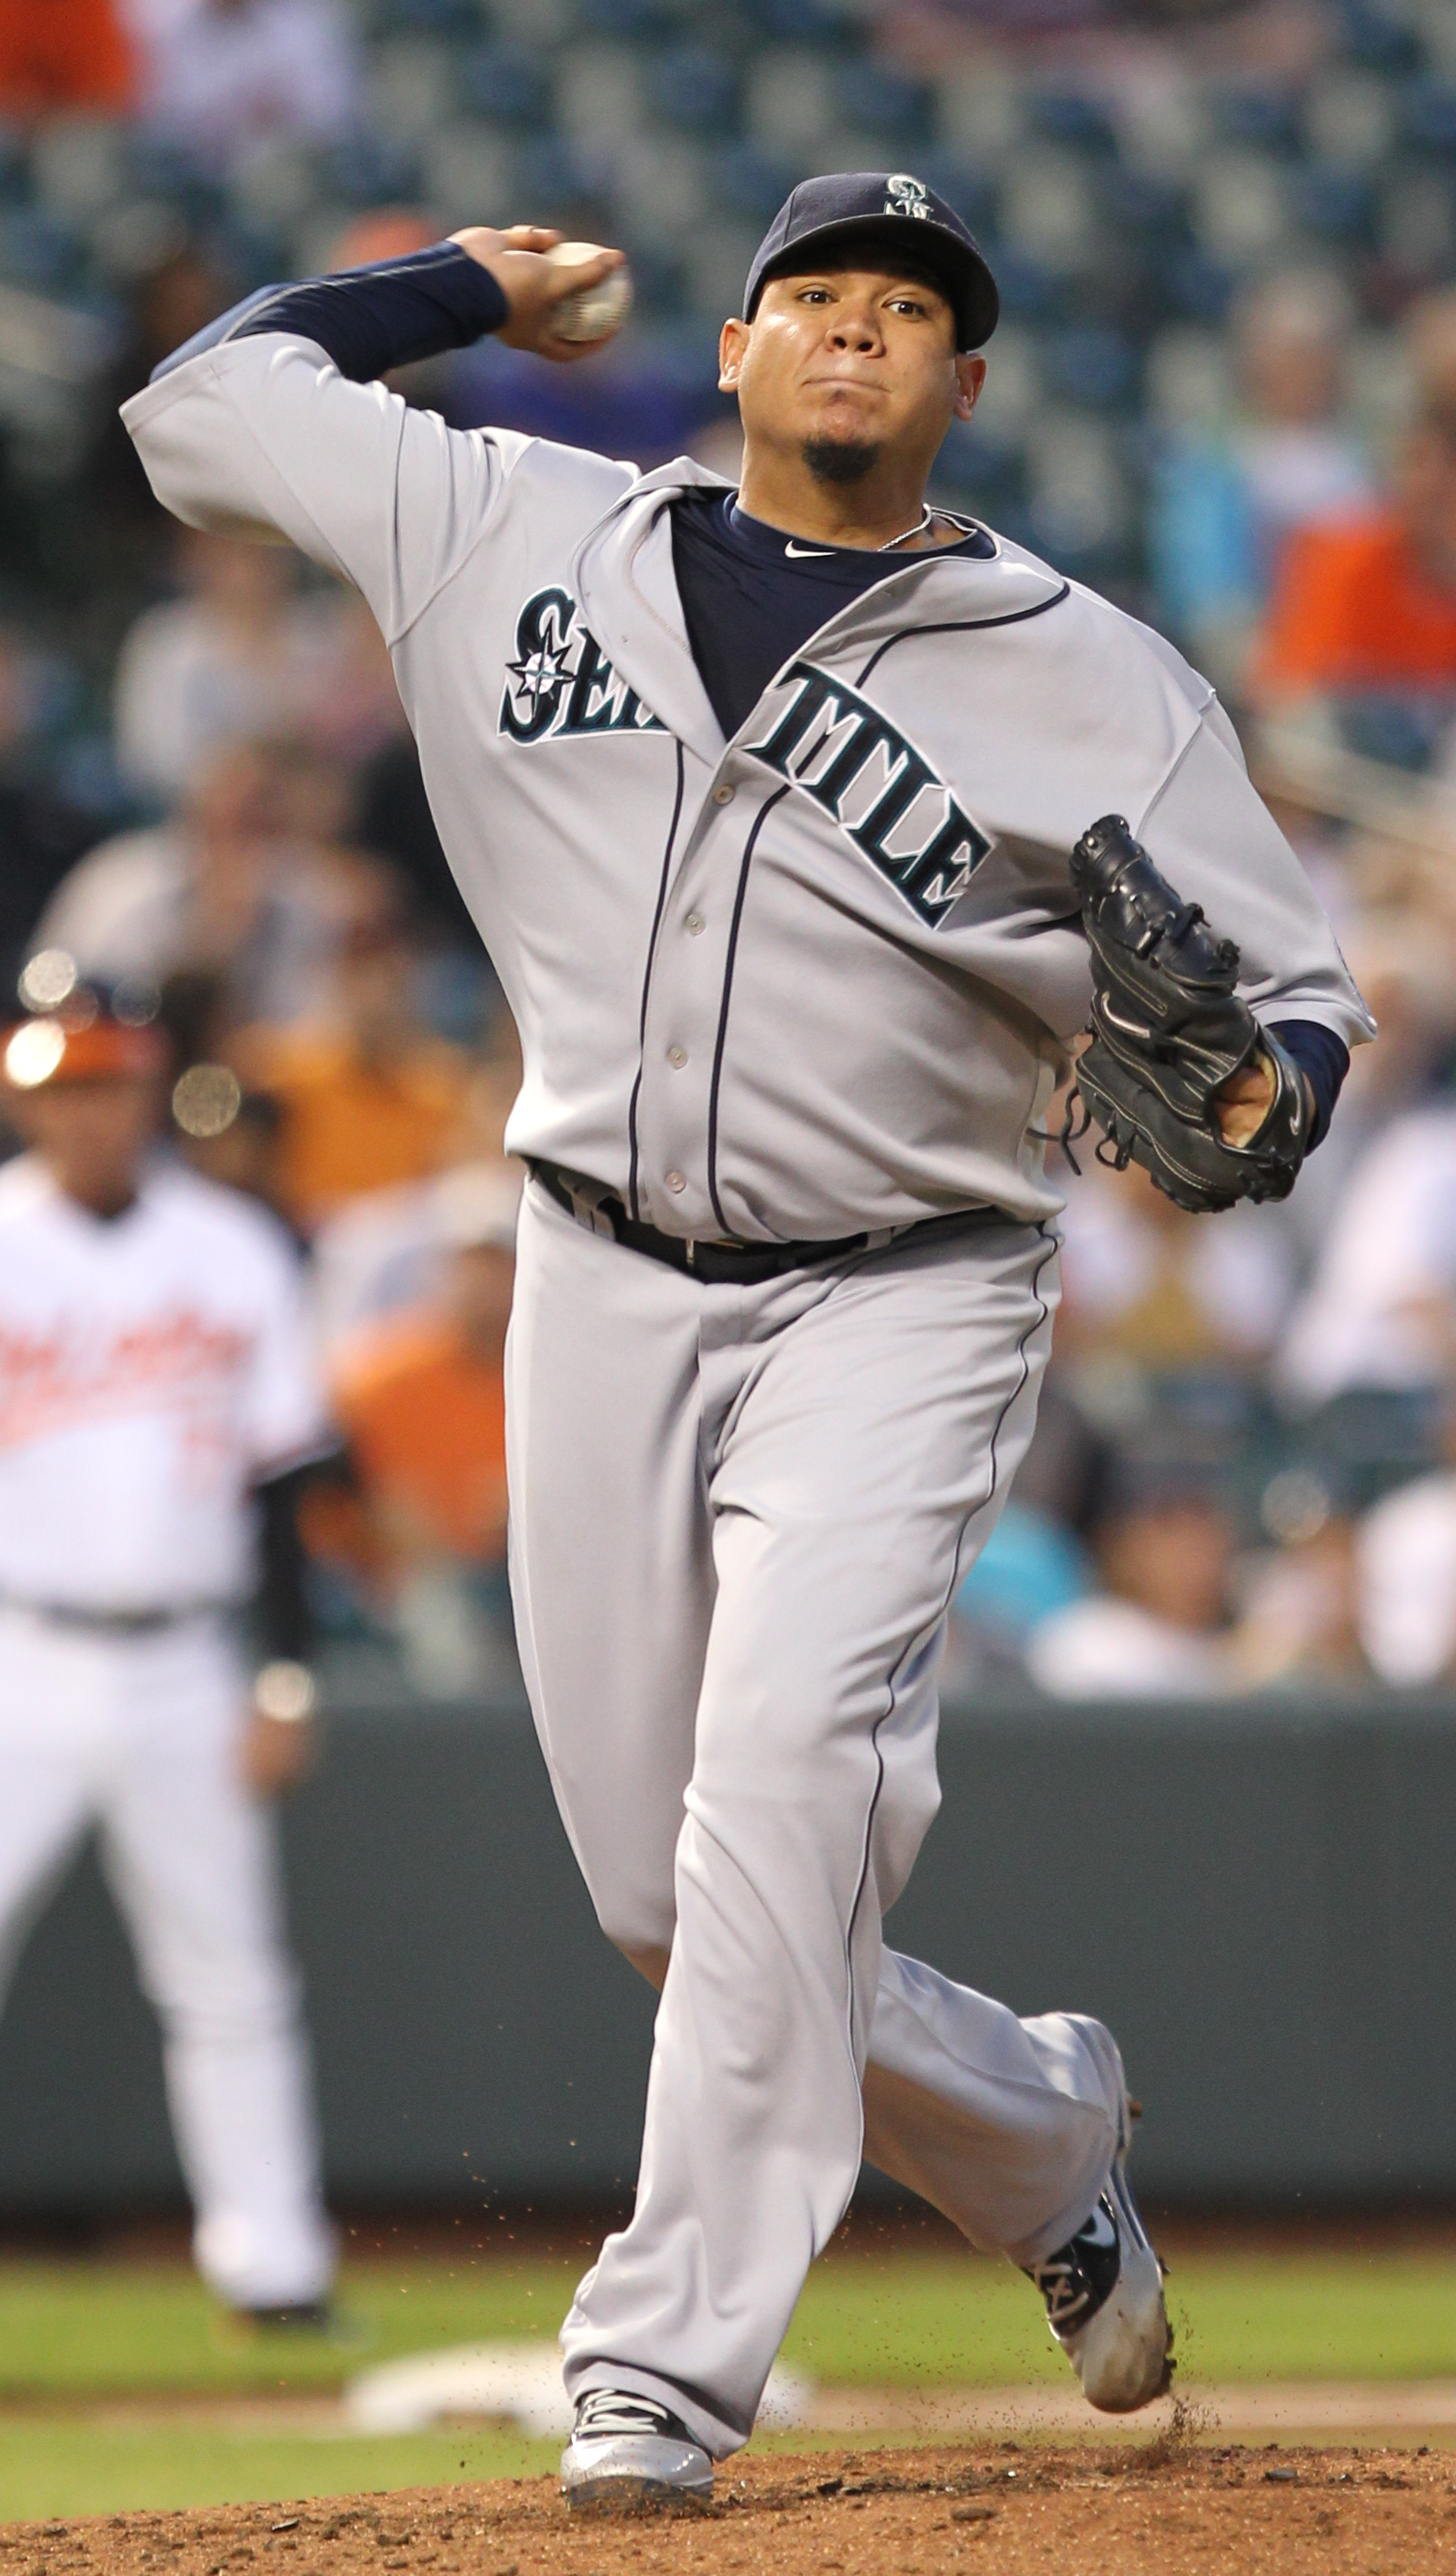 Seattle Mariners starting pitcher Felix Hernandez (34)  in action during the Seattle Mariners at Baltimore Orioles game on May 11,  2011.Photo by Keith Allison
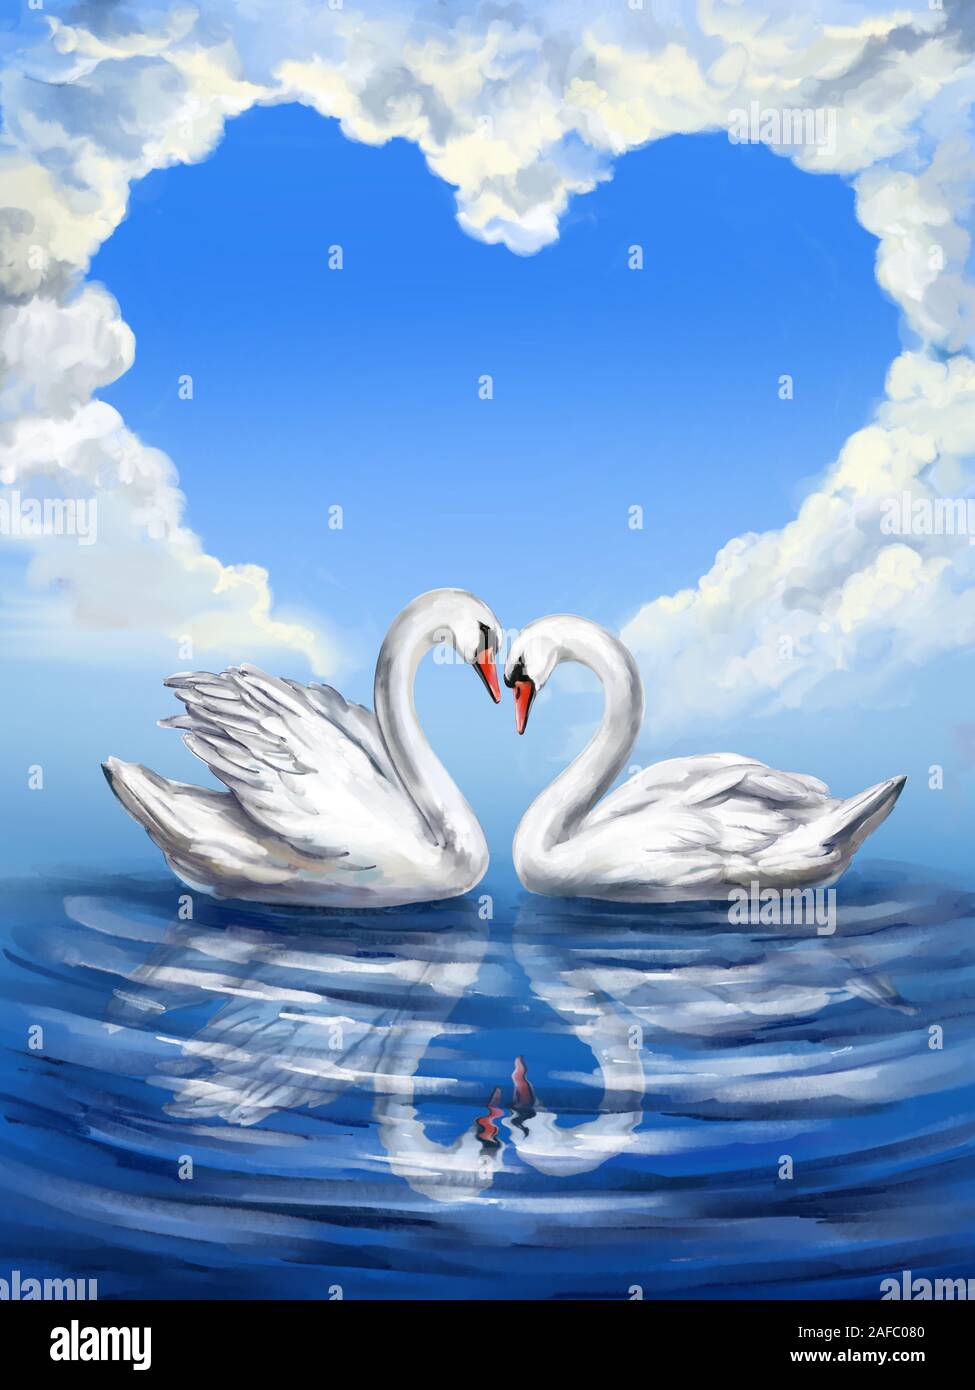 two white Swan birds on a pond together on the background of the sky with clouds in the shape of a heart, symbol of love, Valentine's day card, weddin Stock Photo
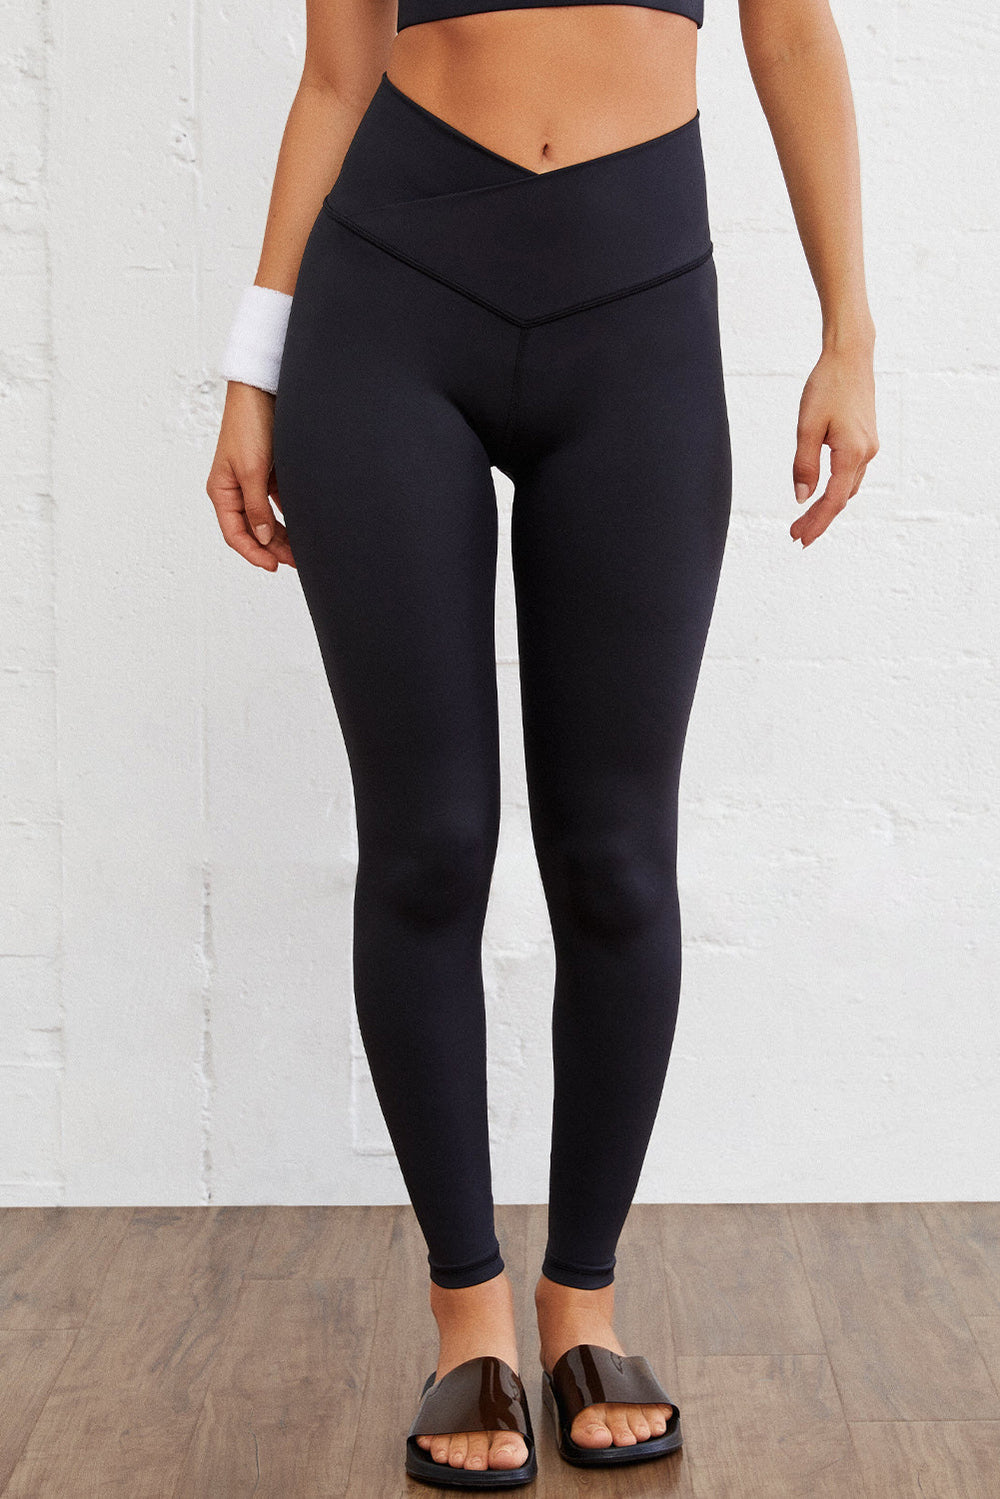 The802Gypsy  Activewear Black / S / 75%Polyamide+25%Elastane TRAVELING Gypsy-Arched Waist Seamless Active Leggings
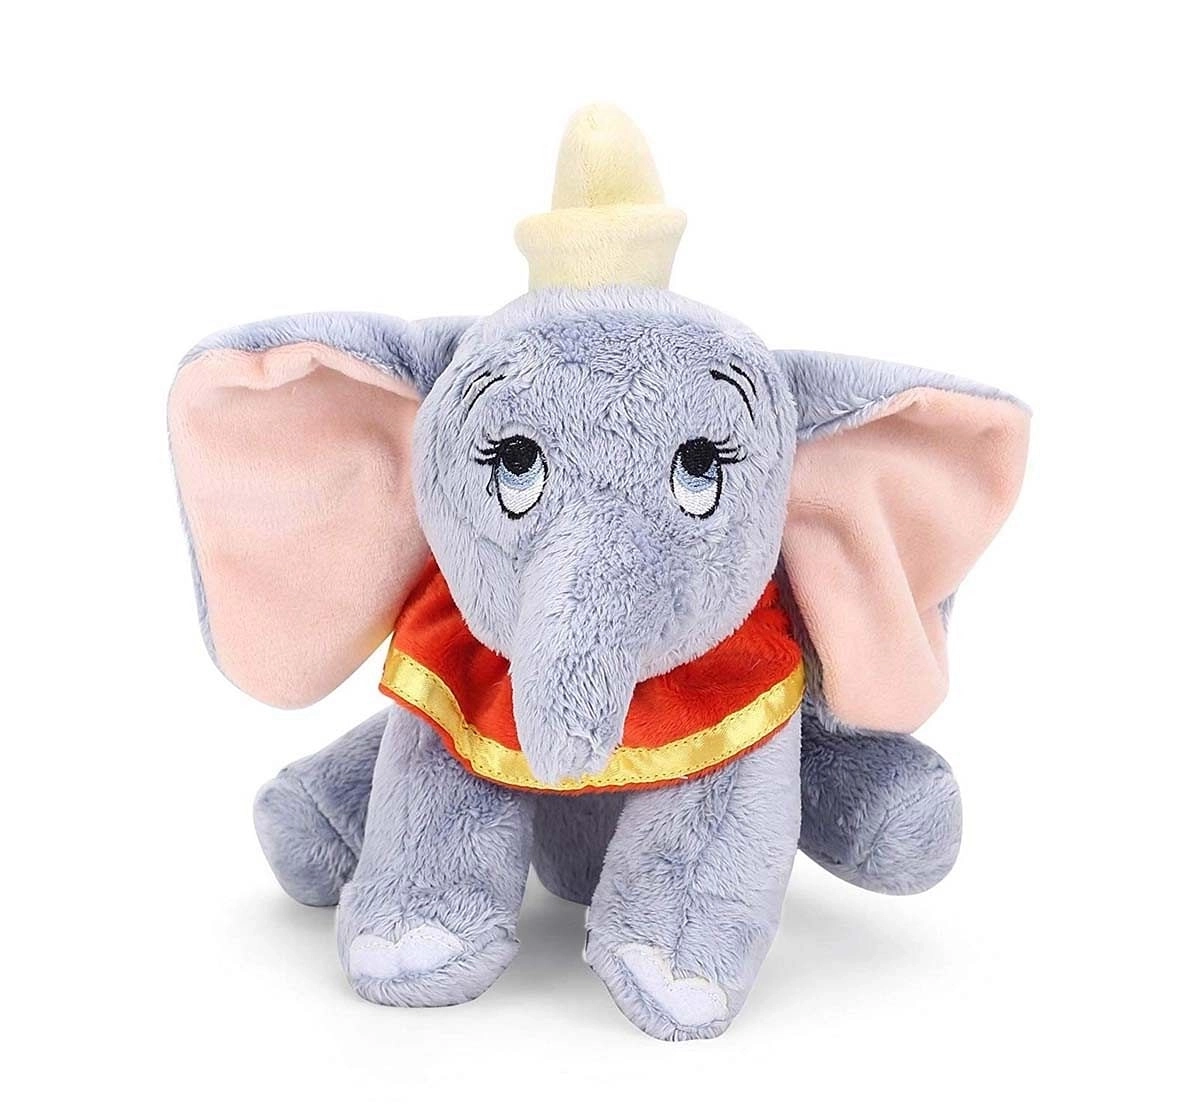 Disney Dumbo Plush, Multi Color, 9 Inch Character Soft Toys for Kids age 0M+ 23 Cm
════════════════
* _WORK INSTRUCTION_:
Please output the material above unchanged, apart from removing the pictures.

* _PROBLEM SOLUTION_:
 Seattle Mariners starting pitcher Felix Hernandez (34)  in action during the Seattle Mariners at Baltimore Orioles game on May 11,  2011.Photo by Keith Allison
 two white Swan birds on a pond together on the background of the sky with clouds in the shape of a heart, symbol of love, Valentine's day card, weddin Stock Photo
 The802Gypsy  Activewear Black / S / 75%Polyamide+25%Elastane TRAVELING Gypsy-Arched Waist Seamless Active Leggings
 Disney Dumbo Plush, Multi Color, 9 Inch Character Soft Toys for Kids age 0M+ 23 Cm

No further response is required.